The file is tab and forward-slash separated and has five columns:

  1. Node specification: Defines which nodes to take information from, in this case mi!='' where the morphological information is non-null.
  2. Source attribute: Which source attribute to copy, in this case the morphological information.
  3. Chunk condition: Restricts the chunk to which the information can be moved. In this case there is no restriction, but for example, you might want to only move the information when the subject is a common noun, in which case si='ncsubj' would do the trick.
  4. Destination attribute: The attribute in which the information should be put.
  5. Write mode: Can be one of three, either no-overwrite (do not overwrite previous information), overwrite (overwrite previous information), concat (concatenate information to any previously existing).

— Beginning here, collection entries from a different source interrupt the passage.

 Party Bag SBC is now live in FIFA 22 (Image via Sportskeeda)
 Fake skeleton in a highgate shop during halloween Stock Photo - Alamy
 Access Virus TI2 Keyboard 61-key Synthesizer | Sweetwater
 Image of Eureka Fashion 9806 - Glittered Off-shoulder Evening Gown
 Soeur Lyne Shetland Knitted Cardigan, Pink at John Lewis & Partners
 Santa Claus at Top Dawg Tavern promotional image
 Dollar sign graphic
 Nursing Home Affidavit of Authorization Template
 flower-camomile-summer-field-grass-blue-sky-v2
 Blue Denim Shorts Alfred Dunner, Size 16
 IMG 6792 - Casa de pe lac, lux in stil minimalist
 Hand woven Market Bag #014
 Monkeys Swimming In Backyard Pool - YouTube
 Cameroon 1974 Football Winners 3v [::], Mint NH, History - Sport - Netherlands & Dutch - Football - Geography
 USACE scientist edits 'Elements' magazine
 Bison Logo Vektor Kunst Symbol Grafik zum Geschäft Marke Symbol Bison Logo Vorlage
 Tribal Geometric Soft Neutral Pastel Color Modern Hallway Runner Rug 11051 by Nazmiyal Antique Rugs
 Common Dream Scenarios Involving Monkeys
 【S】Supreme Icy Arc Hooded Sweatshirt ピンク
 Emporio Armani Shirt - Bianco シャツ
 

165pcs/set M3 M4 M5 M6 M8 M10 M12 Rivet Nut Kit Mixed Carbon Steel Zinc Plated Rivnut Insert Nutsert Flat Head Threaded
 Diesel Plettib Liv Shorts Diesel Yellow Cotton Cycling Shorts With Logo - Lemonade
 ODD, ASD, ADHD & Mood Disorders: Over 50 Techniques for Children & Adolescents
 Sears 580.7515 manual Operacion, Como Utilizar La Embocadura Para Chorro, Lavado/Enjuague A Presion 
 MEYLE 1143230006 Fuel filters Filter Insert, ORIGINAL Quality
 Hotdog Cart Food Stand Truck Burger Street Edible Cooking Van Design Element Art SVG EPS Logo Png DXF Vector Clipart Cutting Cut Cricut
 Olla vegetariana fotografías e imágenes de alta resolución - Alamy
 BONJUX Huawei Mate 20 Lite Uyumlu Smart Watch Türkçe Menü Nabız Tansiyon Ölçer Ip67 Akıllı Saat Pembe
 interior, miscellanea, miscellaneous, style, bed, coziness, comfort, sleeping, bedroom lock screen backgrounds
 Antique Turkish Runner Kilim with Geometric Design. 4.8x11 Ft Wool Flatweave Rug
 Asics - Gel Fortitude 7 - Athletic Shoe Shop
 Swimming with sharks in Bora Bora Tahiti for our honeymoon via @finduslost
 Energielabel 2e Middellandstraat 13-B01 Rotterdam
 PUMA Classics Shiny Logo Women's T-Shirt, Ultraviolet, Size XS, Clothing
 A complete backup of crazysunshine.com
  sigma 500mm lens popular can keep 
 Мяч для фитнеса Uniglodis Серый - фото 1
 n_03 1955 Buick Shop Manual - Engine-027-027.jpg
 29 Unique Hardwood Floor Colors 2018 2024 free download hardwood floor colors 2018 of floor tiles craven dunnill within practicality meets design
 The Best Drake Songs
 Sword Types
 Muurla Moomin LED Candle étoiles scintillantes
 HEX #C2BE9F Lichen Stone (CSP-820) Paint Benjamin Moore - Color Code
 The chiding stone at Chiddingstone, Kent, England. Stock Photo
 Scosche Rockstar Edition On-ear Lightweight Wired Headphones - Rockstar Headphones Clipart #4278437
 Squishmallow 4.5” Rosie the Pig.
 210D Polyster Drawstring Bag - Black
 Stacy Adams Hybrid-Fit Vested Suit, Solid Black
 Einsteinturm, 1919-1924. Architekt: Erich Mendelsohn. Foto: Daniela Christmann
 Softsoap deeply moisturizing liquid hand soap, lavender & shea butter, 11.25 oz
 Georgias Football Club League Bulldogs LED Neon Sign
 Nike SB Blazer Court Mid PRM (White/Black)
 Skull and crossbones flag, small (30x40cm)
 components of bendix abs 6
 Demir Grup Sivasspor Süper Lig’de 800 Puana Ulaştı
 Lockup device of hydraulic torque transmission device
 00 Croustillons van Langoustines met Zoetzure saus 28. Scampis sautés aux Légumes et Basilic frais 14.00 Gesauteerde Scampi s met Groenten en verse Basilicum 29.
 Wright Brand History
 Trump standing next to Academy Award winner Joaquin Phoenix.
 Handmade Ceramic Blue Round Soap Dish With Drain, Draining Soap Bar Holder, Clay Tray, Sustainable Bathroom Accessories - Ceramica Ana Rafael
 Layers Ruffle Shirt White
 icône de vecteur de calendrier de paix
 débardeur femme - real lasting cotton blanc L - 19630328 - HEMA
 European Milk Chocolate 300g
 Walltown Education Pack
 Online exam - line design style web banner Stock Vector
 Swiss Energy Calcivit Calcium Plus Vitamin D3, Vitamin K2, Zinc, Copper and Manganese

After you've made the file, add the details to the bottom of the configuration file as follows,

IntraMoveFile=/home/fran/MATXIN/source/matxin-br-en/matxin-br-en.br-en.intra1

After this has been added, we're ready to run the intra-chunk syntactic transfer module. This is done with the ST_intra program, which can be called as follows:

$ echo "Ur yezh indezeuropek eo ar brezhoneg." | Analyzer -f matxin-br-en.br-en.cfg  | iconv -f latin1 | LT -f matxin-br-en.br-en.cfg \
    ST_intra -f matxin-br-en.br-en.cfg

<?xml version="1.0" encoding="UTF-8"?>
<corpus>
  <SENTENCE ref="1" alloc="0">
    <CHUNK ref="2" type="verb-eo" alloc="21" si="top" mi="[IND][PRES][P3][NUMS]">
      <NODE ref="4" alloc="21" UpCase="none" lem="be" parol="VM" mi="[IND][PRES][P3][NUMS]" />
      <CHUNK ref="1" type="sn" alloc="0" si="attr-pred" mi="[NUMS]">
        <NODE ref="2" alloc="3" UpCase="none" lem="language" parol="NC" mi="[NUMS]">
          <NODE ref="1" alloc="0" UpCase="none" lem="a" parol="DI"/>
          <NODE ref="3" alloc="8" UpCase="none" lem="Indo-European" parol="AQ" mi="[PST]"/>
        </NODE>
      </CHUNK>
      <CHUNK ref="3" type="sn" alloc="24" si="ncsubj" mi="[NUMS]">
        <NODE ref="6" alloc="27" UpCase="none" lem="Breton" parol="NC" mi="[NUMS]">
          <NODE ref="5" alloc="24" UpCase="none" lem="the" parol="DA"/>
        </NODE>
      </CHUNK>
      <CHUNK ref="4" type="punt" alloc="36" si="modnomatch">
        <NODE ref="7" alloc="36" UpCase="none" lem="." parol="Fp"/>
      </CHUNK>
    </CHUNK>
  </SENTENCE>
</corpus>

The morphological information has been moved from the node head of the chunk to the chunk itself.

Inter-chunk transfer

The next stage is similar to the previous stage, but deals with movement between chunks themselves. In our example we don't need to use this.

Generation

Intra-chunk

As Breton and English differ in the internal structure of noun phrases, the next thing we want to do is transfer the Breton structure into English, this will involve changing det nom adj to det adj nom. Another intra-chunk process we want to take care of is the removal of the definite article before a noun which has the semantic tag for language ([HZK+]).